Information supplied

::::::

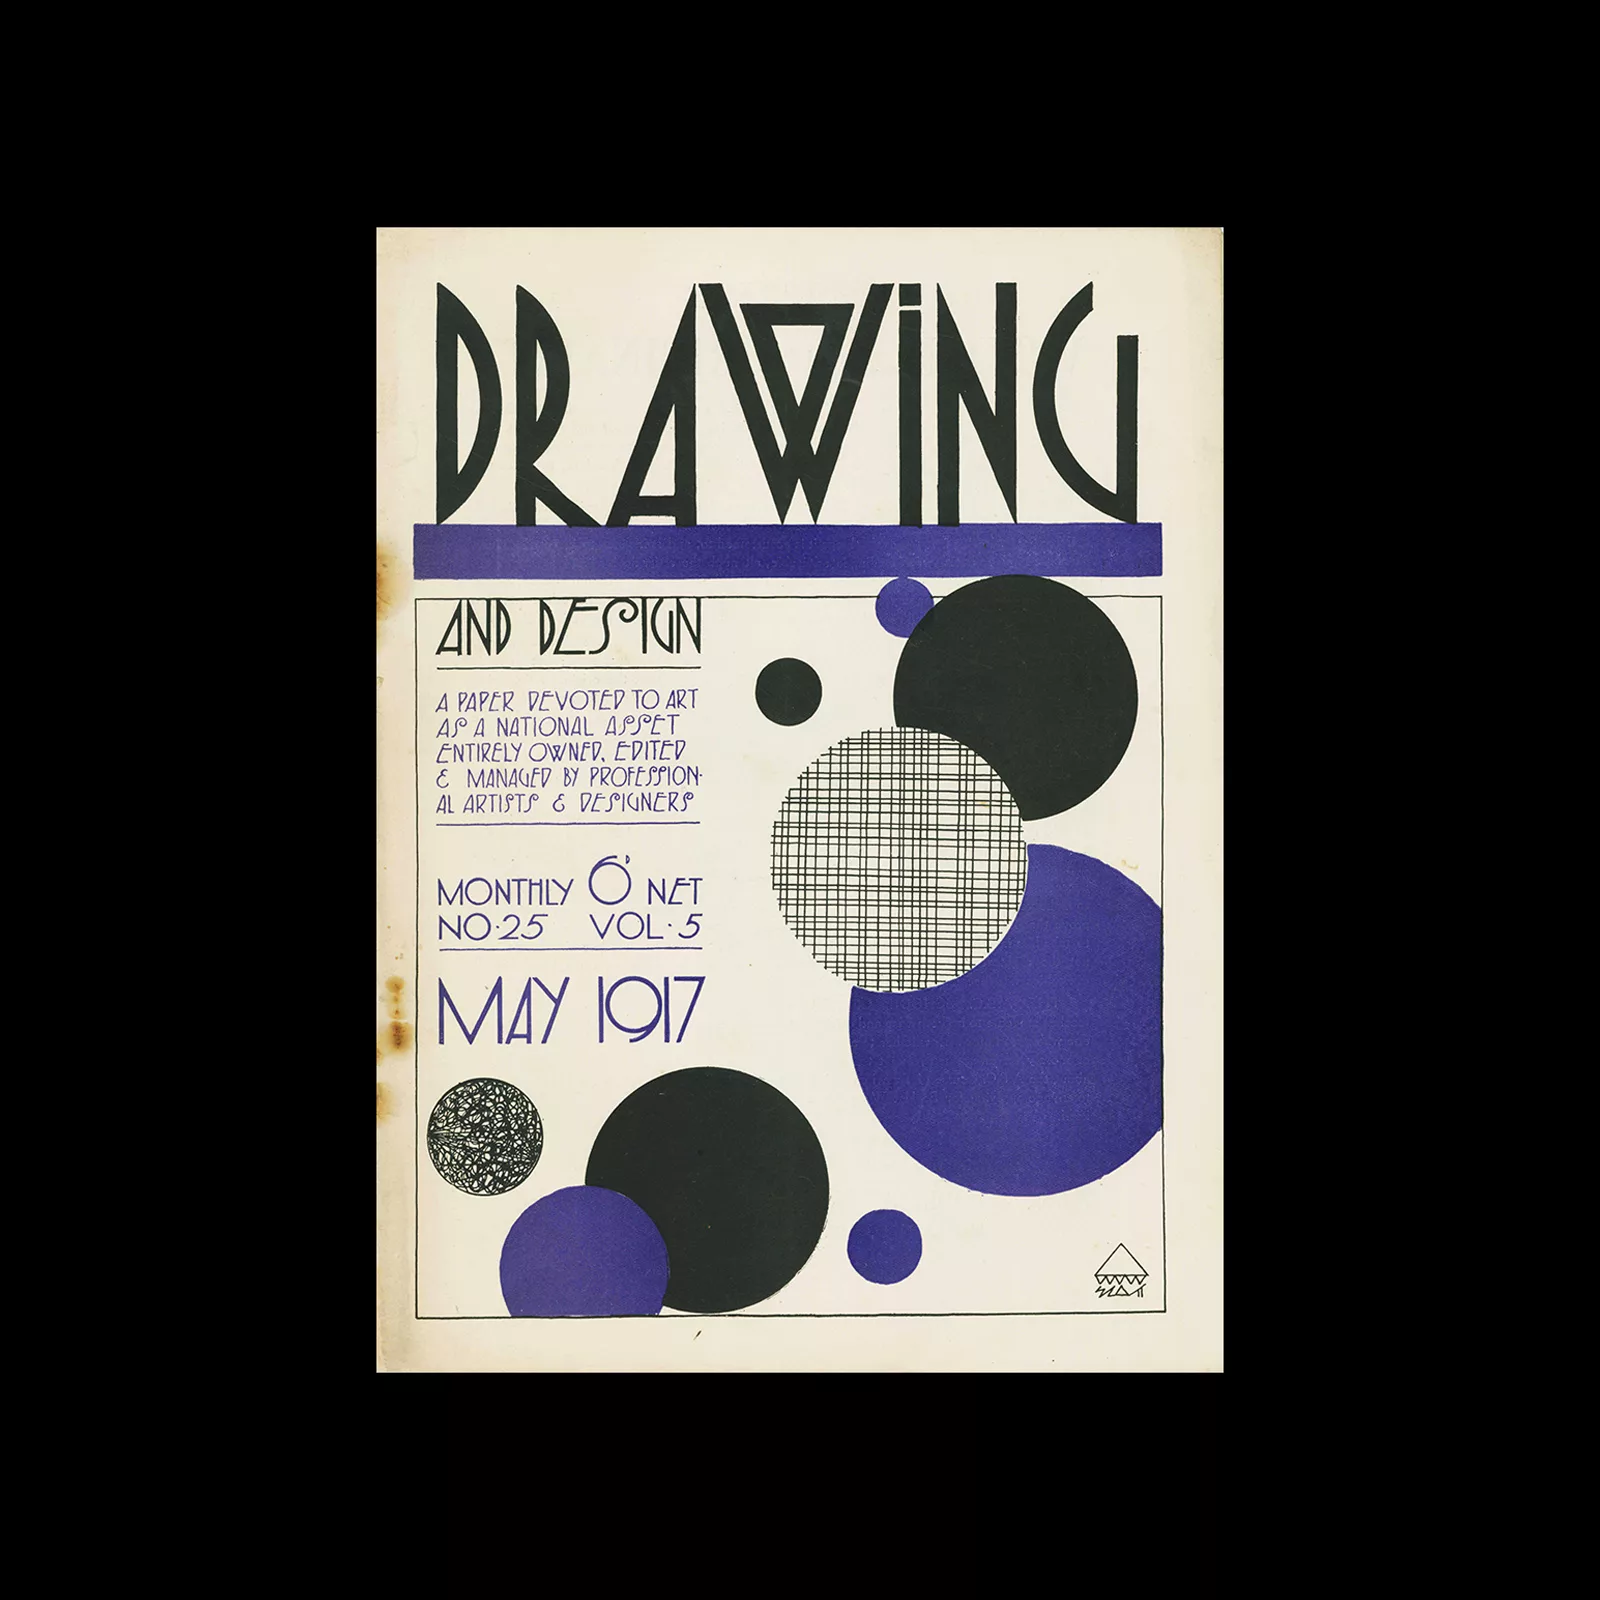 Drawing and Design No 25, Vol 5, May 1917
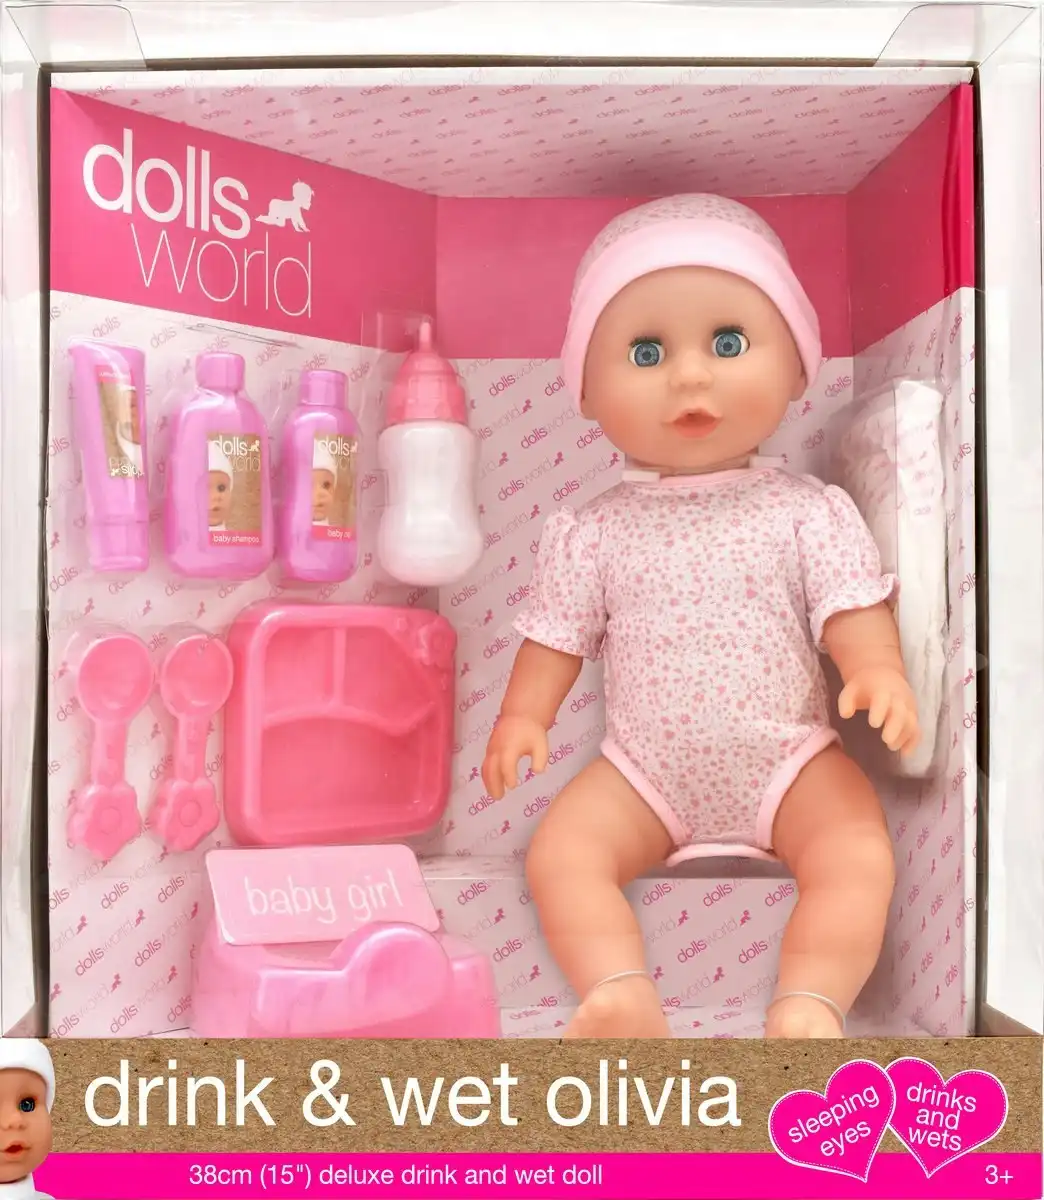 DollsWorld - Drink & Wet Olivia
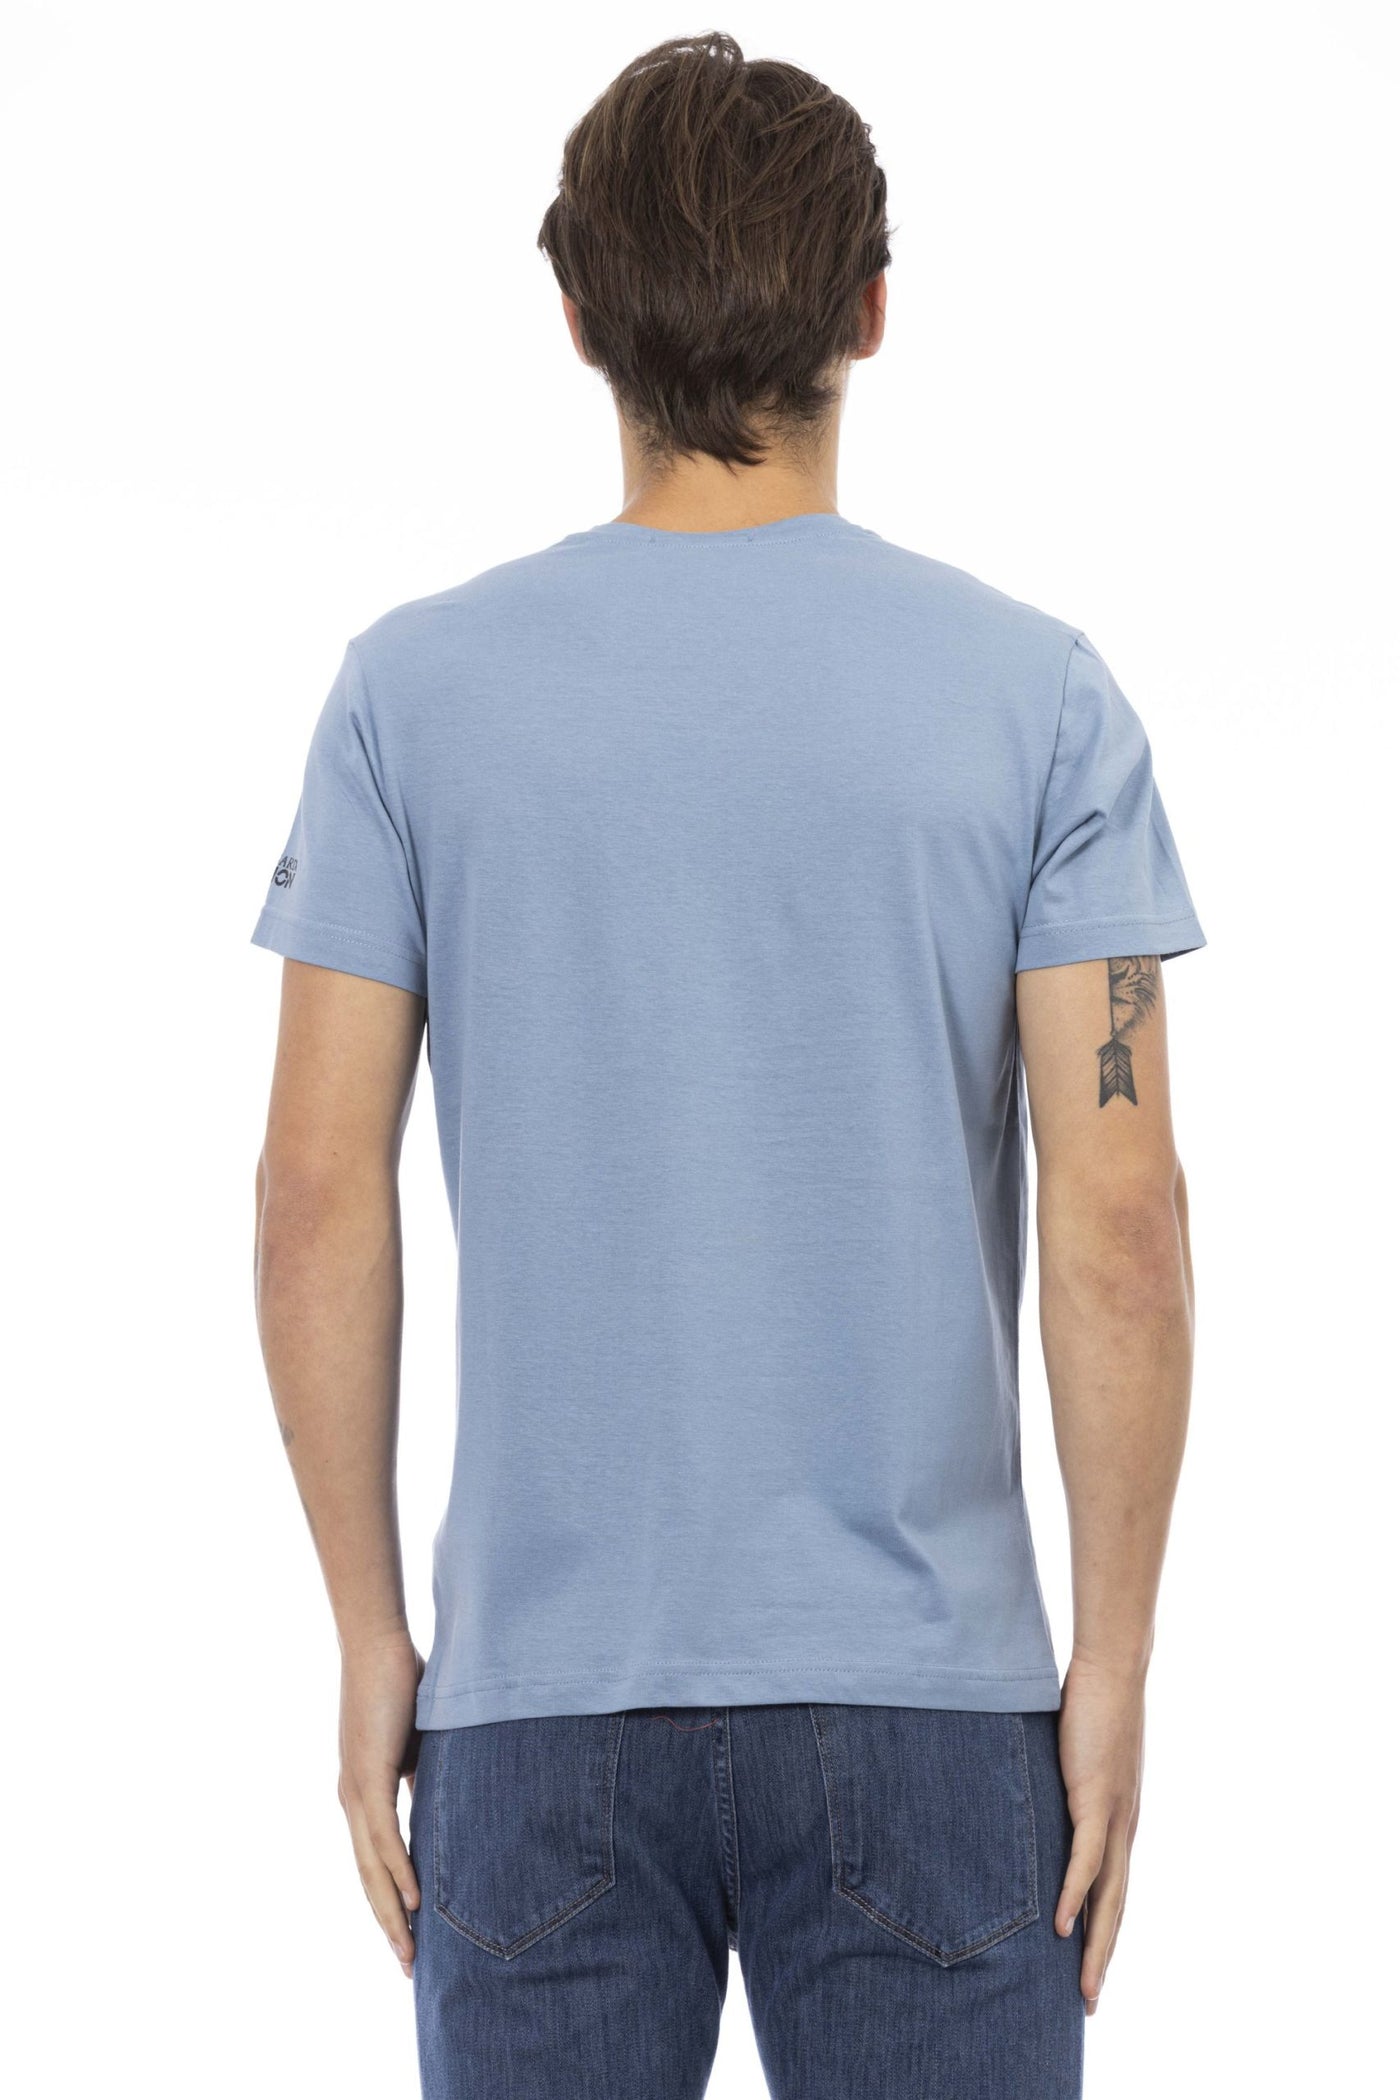 Trussardi Action Light-blue Cotton T-Shirt

::::::

What you have to do
Could you set down the data exactly as given, minus its pictures?

Solved exercise
 Drawing and Design No 25, Vol 5, May 1917
 DollsWorld - Drink & Wet Olivia
 Trussardi Action Light-blue Cotton T-Shirt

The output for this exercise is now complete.